Bernardi, Herschel
BERNARDI, HERSCHEL
BERNARDI, HERSCHEL (1924–1986), U.S. actor. Born in New York City, Bernardi was the product of a long-established family of Yiddish performers. On stage from childhood, he made his first on-camera appearances in 1939 in the Yiddish-language films Green Fields and The Singing Blacksmith. Bernardi toured in a one-man program of Shalom Aleichem stories and performed in The World of Sholom Aleichem, 1954. Along with many fellow entertainers, he was blacklisted by Hollywood in the early 1950s for alleged Communist ties. Bernardi's first part on Broadway was in the musical Bajour in 1965. He then played Tevye in the Broadway production of Fiddler on the Roof (1966–67), as well as in a revival run at Lincoln Center in 1981. He also performed in the Broadway productions Zorba (1968–69) and The Goodbye People (1979).
In addition to his many television guest appearances and roles in tv movies, Bernardi is well remembered for his characterizations of Lt. Jacoby on the Peter Gunn detective series (1958–61) and Arnie Nuvo in the sitcom Arnie (1970–72). Bernardi also provided voiceovers for hundreds of cartoons and commercials, most notably the wisecracking Charley the Tuna and the laughing Jolly Green Giant. At one point in his career, he had strained his vocal chords so severely that his doctor ordered him not to speak for a full year or he might lose his voice permanently.

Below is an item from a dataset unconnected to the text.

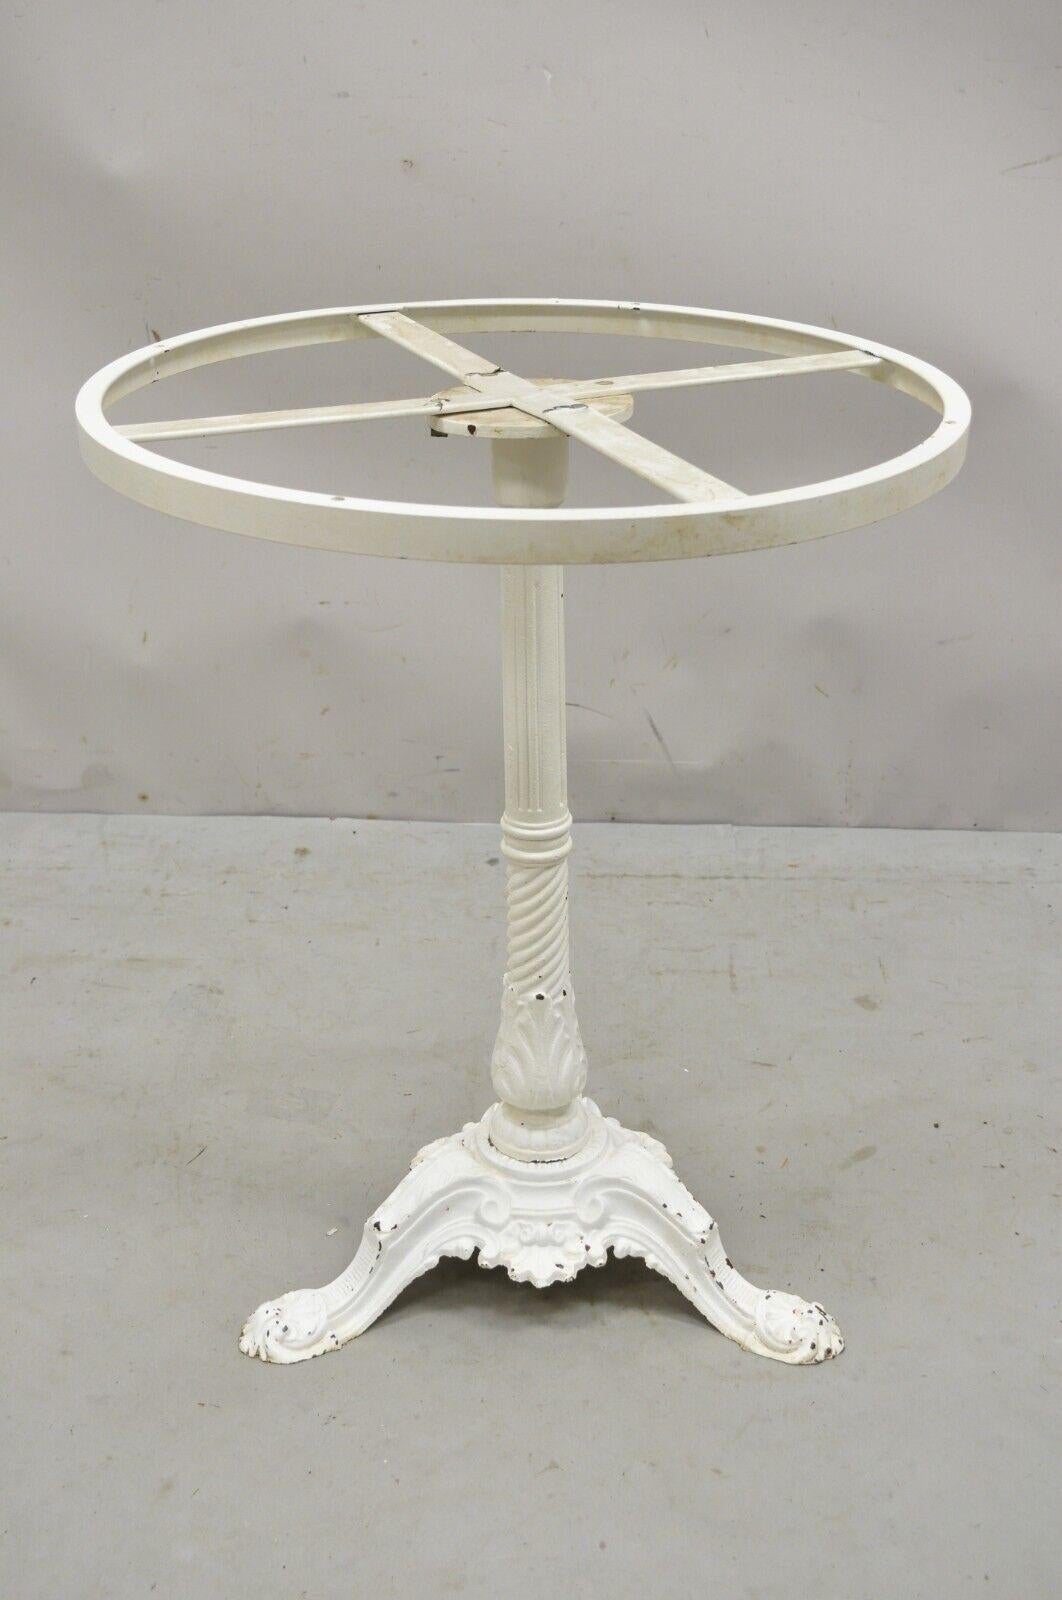 Pierre Ouvrier & E Ringuet Paris French cast iron bistro pedestal table base. Item features a heavy cast iron base, original French makers stamp, very nice antique item, quality French craftsmanship, great style and form. Circa early

He appeared in a number of films over the years, among them Murder by Contract (1958); The Savage Eye (1960); A Cold Wind in August (1961); Irma La Douce (1963); Love with the Proper Stranger (1963); and The Front (1976). Bernardi was one of the main interviewees in the 1984 documentary Almonds and Raisins, written by Wolf *Mankowitz and narrated by Orson Welles. The film examines the dozens of Yiddish-language talking films made in the U.S. and Europe between the release of The Jazz Singer in 1927 and the outbreak of World War ii.
bibliography:
J. Bernardi, My Father the Actor (1971).